Foufi Vasiliki, Timakum Tatsawan, Gaudet-Blavignac Christophe, Lovis Christian, Song Min
Division of Medical Information Sciences, University Hospitals of Geneva, Geneva, Switzerland.
Faculty of Medicine, University of Geneva, Geneva, Switzerland.
J Med Internet Res. 2019 Jun 13;21(6):e12876. doi: 10.2196/12876.
Social media platforms constitute a rich data source for natural language processing tasks such as named entity recognition, relation extraction, and sentiment analysis. In particular, social media platforms about health provide a different insight into patient's experiences with diseases and treatment than those found in the scientific literature.
This paper aimed to report a study of entities related to chronic diseases and their relation in user-generated text posts.
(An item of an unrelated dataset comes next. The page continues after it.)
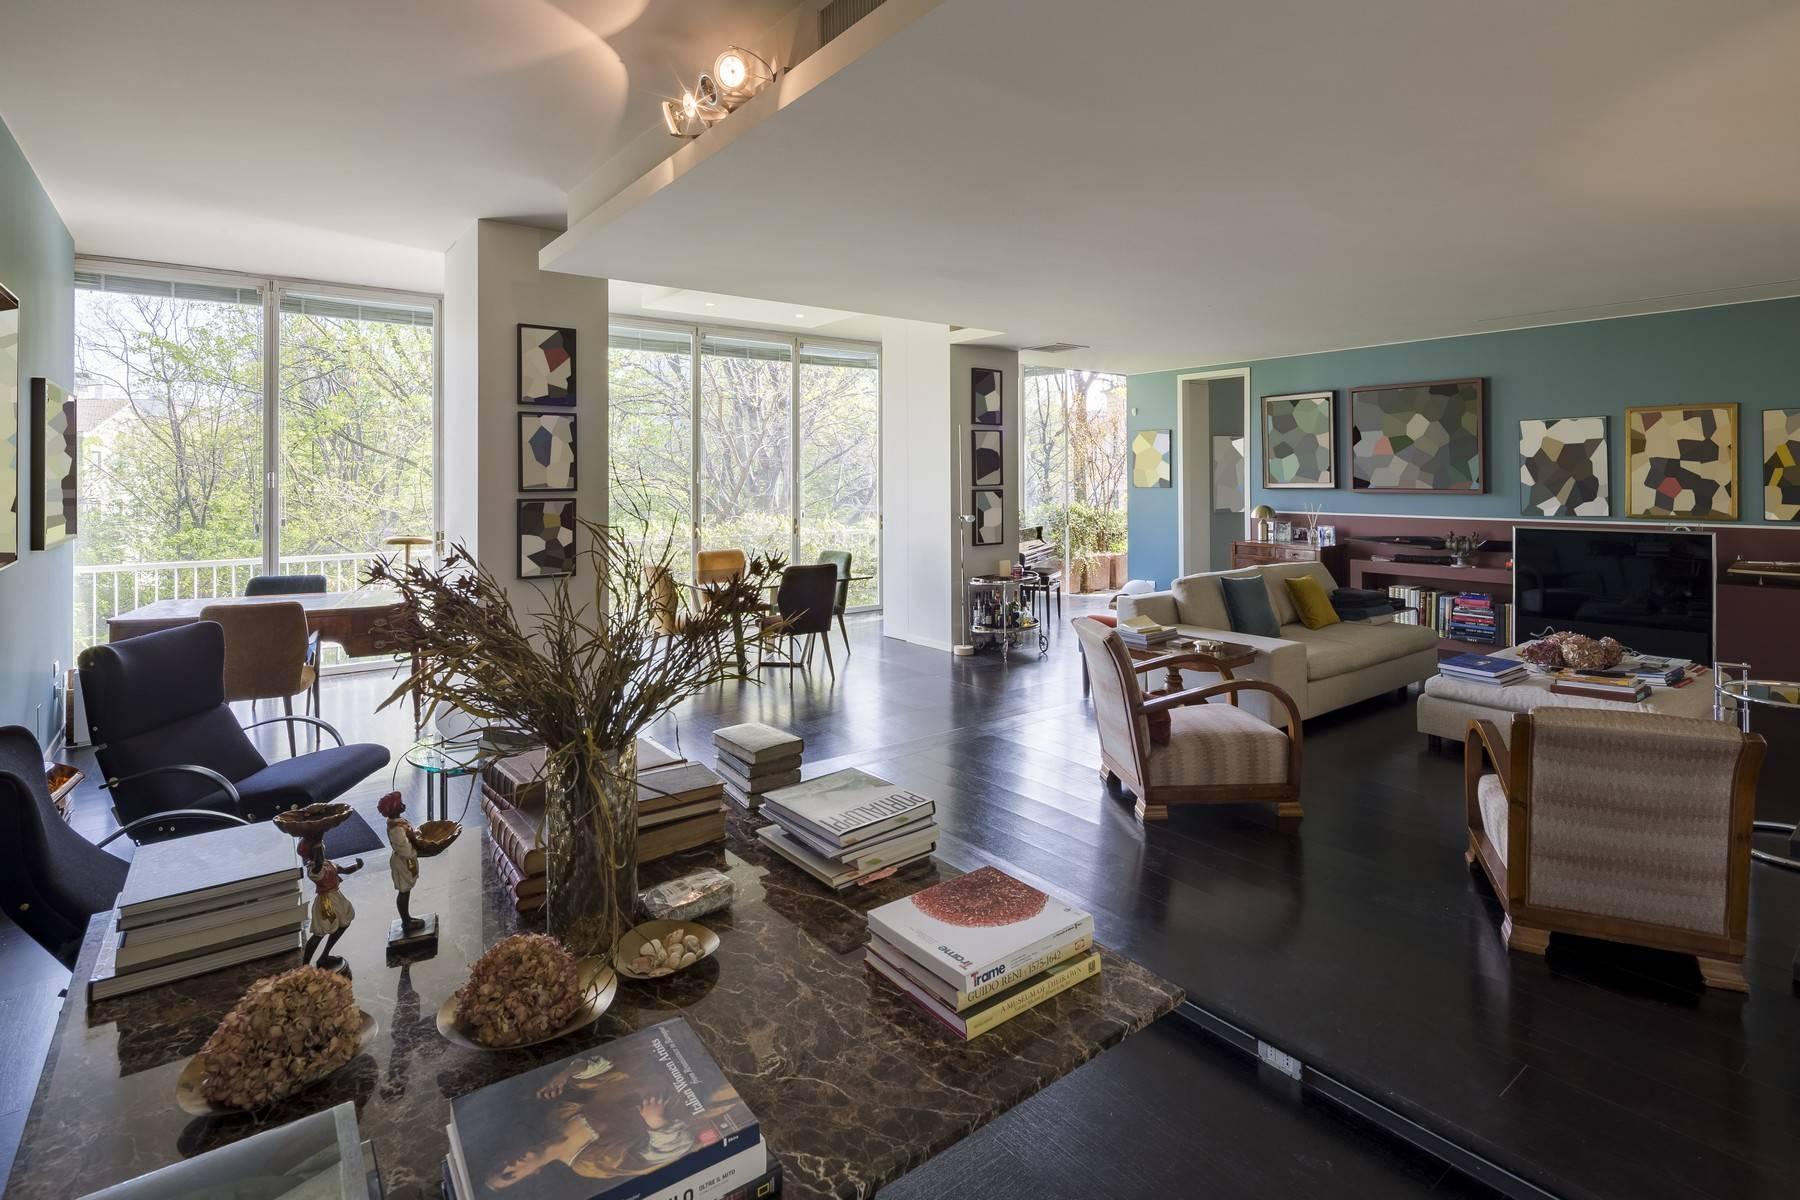 Magnifique appartement à louer d'environ 300 m² au coeur de Milan - 1

The major focus of our research is the study of biomedical entities found in health social media platforms and their relations and the way people suffering from chronic diseases express themselves.
We collected a corpus of 17,624 text posts from disease-specific subreddits of the social news and discussion website Reddit. For entity and relation extraction from this corpus, we employed the PKDE4J tool developed by Song et al (2015). PKDE4J is a text mining system that integrates dictionary-based entity extraction and rule-based relation extraction in a highly flexible and extensible framework.
Using PKDE4J, we extracted 2 types of entities and relations: biomedical entities and relations and subject-predicate-object entity relations. In total, 82,138 entities and 30,341 relation pairs were extracted from the Reddit dataset. The most highly mentioned entities were those related to oncological disease (2884 occurrences of cancer) and asthma (2180 occurrences). The relation pair anatomy-disease was the most frequent (5550 occurrences), the highest frequent entities in this pair being cancer and lymph. The manual validation of the extracted entities showed a very good performance of the system at the entity extraction task (3682/5151, 71.48% extracted entities were correctly labeled).
This study showed that people are eager to share their personal experience with chronic diseases on social media platforms despite possible privacy and security issues. The results reported in this paper are promising and demonstrate the need for more in-depth studies on the way patients with chronic diseases express themselves on social media platforms.
社交媒体平台构成了用于自然语言处理任务(如命名实体识别、关系抽取和情感分析)的丰富数据源。特别是,关于健康的社交媒体平台提供了与科学文献中不同的关于患者疾病经历和治疗的见解。
本文旨在报告一项关于用户生成的文本帖子中与慢性病相关的实体及其关系的研究。我们研究的主要重点是健康社交媒体平台中发现的生物医学实体及其关系,以及慢性病患者表达自己的方式。
我们从社交新闻和讨论网站Reddit的特定疾病子版块收集了17624篇文本帖子的语料库。为了从该语料库中提取实体和关系,我们使用了Song等人(2015年)开发的PKDE4J工具。PKDE4J是一个文本挖掘系统,它在一个高度灵活和可扩展的框架中集成了基于字典的实体提取和基于规则的关系提取。
使用PKDE4J,我们提取了两种类型的实体和关系:生物医学实体和关系以及主谓宾实体关系。总共从Reddit数据集中提取了82138个实体和30341个关系对。提及最多的实体是与肿瘤疾病(“癌症”出现2884次)和哮喘(“哮喘”出现2180次)相关的实体。“解剖结构 - 疾病”关系对最为常见(出现5550次),该关系对中出现频率最高的实体是癌症和淋巴。对提取实体的人工验证表明,该系统在实体提取任务中表现非常出色(3682/5151,71.48%的提取实体被正确标注)。
这项研究表明,尽管存在隐私和安全问题,人们仍渴望在社交媒体平台上分享他们的慢性病个人经历。本文报告的结果很有前景,并表明有必要对慢性病患者在社交媒体平台上表达自己的方式进行更深入的研究。